[EXERCISE DETAILS]
Reproduce exactly the lines of the material beneath, from the line that contains "Havok V - White" to the line that contains "40x Dell 4220", both included, and no other lines.

AVAILABLE DATA Start Marker

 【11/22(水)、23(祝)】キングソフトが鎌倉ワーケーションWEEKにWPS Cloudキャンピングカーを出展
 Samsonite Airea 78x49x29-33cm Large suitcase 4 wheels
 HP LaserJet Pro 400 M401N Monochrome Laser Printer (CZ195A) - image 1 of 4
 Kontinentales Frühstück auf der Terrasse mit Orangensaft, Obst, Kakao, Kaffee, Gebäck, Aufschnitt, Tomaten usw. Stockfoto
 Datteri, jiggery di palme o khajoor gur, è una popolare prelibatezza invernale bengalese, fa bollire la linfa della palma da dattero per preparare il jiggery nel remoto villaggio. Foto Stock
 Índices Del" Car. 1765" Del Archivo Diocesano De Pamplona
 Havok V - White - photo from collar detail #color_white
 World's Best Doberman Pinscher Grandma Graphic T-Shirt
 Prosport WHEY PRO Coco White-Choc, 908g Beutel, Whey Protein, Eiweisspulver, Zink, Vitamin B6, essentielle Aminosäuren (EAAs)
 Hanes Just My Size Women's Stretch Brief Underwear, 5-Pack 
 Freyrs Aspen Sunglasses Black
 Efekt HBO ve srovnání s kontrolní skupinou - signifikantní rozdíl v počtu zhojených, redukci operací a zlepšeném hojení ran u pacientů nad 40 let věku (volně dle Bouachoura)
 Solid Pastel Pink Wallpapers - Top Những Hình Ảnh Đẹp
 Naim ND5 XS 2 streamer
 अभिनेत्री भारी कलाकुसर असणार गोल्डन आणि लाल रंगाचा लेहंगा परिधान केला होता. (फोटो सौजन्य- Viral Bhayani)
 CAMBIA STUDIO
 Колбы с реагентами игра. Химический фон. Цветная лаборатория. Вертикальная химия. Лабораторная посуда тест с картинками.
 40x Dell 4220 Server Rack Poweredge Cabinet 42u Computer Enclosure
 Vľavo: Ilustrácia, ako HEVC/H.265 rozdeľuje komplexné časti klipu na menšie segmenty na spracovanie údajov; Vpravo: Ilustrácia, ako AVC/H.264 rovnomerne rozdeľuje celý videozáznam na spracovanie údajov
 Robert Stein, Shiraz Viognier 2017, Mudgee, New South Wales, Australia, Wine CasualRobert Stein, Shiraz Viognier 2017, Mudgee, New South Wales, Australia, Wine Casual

AVAILABLE DATA End Marker

[WRITTEN RESPONSE]
 Havok V - White - photo from collar detail #color_white
 World's Best Doberman Pinscher Grandma Graphic T-Shirt
 Prosport WHEY PRO Coco White-Choc, 908g Beutel, Whey Protein, Eiweisspulver, Zink, Vitamin B6, essentielle Aminosäuren (EAAs)
 Hanes Just My Size Women's Stretch Brief Underwear, 5-Pack 
 Freyrs Aspen Sunglasses Black
 Efekt HBO ve srovnání s kontrolní skupinou - signifikantní rozdíl v počtu zhojených, redukci operací a zlepšeném hojení ran u pacientů nad 40 let věku (volně dle Bouachoura)
 Solid Pastel Pink Wallpapers - Top Những Hình Ảnh Đẹp
 Naim ND5 XS 2 streamer
 अभिनेत्री भारी कलाकुसर असणार गोल्डन आणि लाल रंगाचा लेहंगा परिधान केला होता. (फोटो सौजन्य- Viral Bhayani)
 CAMBIA STUDIO
 Колбы с реагентами игра. Химический фон. Цветная лаборатория. Вертикальная химия. Лабораторная посуда тест с картинками.
 40x Dell 4220 Server Rack Poweredge Cabinet 42u Computer Enclosure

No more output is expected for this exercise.